Hemani moved to dismiss the charge, claiming it violated his Second Amendment rights. He also cited the stringent test the Supreme Court set in a 2022 decision requiring that gun laws be “consistent with the nation’s historical tradition of firearm regulation” in order to comport with the Second Amendment.

The prohibition on gun possession by users of illegal drugs was part of the landmark Gun Control Act of 1968. One of the charges against Hunter Biden in an indictment obtained by Special Counsel David Weiss in September 2023 accused him of violating this statute. Prosecutors accused the president’s son of lying about his use of narcotics when he purchased a Colt Cobra handgun in October 2018.
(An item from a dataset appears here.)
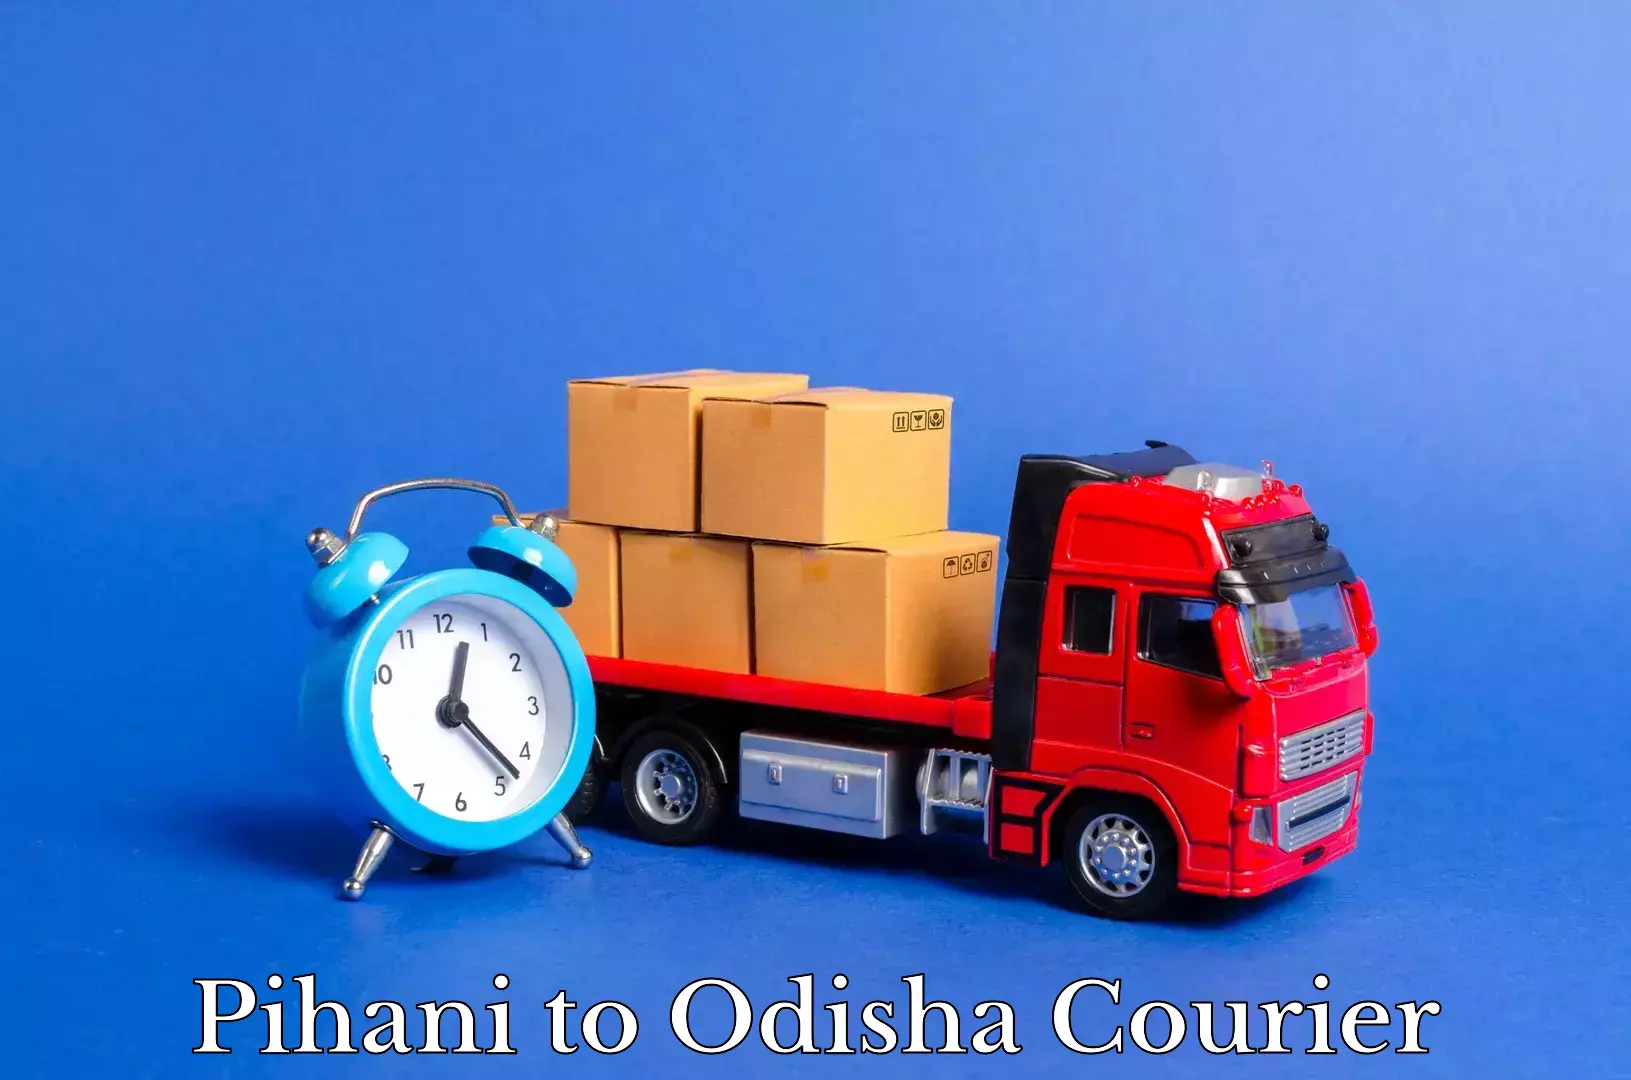 Skilled furniture transporters Pihani to Odisha
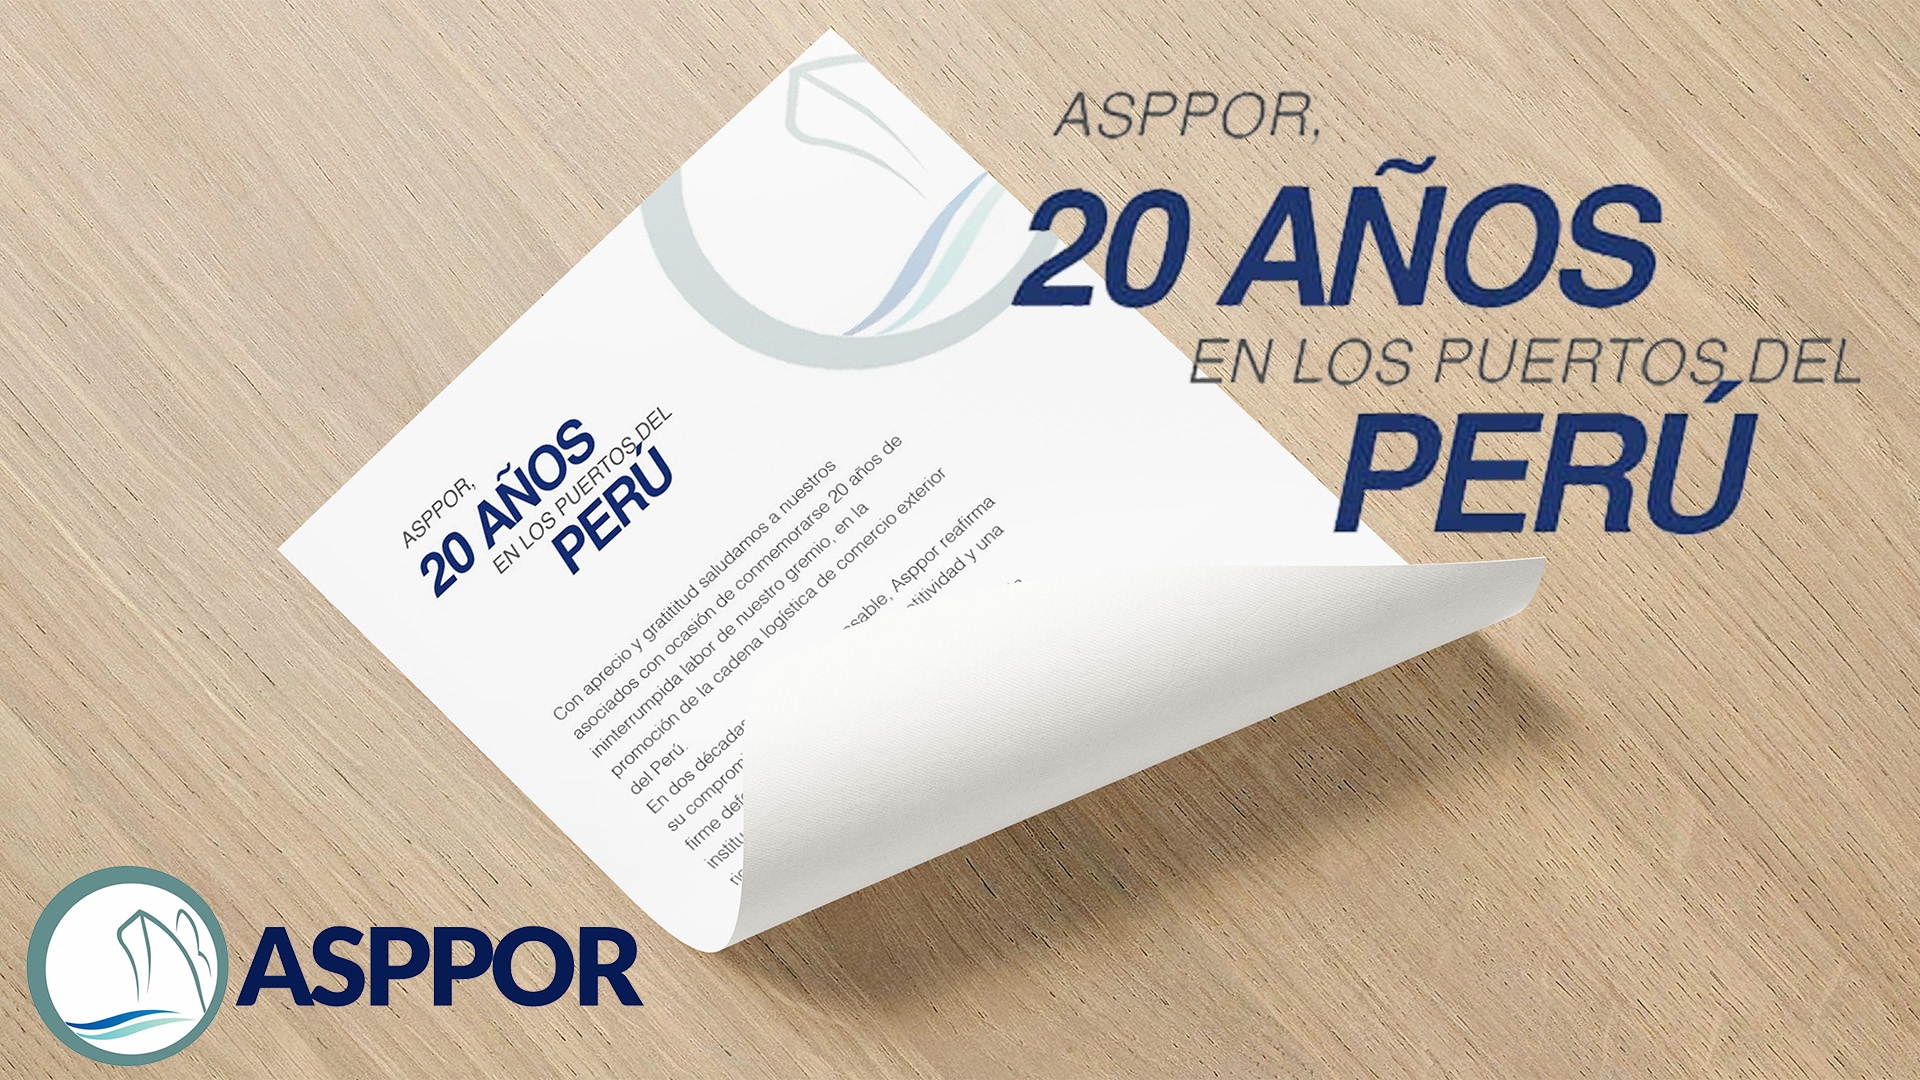 ASPPOR, 20 AÑOS EN LOS PUERTOS DEL PERÚ

Hunter Biden was found guilty in June 2024 by a jury in Wilmington, Delaware, becoming the first child of a sitting U.S. president to be convicted of a crime. Joe Biden, a Democrat, issued a presidential pardon in December 2024 to his son, a recovering drug addict who became a frequent target of Republicans, including Trump.

In the Hemani case, the New Orleans-based 5th U.S. Circuit Court of Appeals in January dismissed the illegal gun possession charge against Hemani, ruling that “there is no historical justification for disarming a sober citizen not presently under an impairing influence.”

Trump’s administration appealed to the Supreme Court, urging the justices to adopt a rule that would allow illegal gun possession charges to be brought against “habitual users” of unlawful drugs.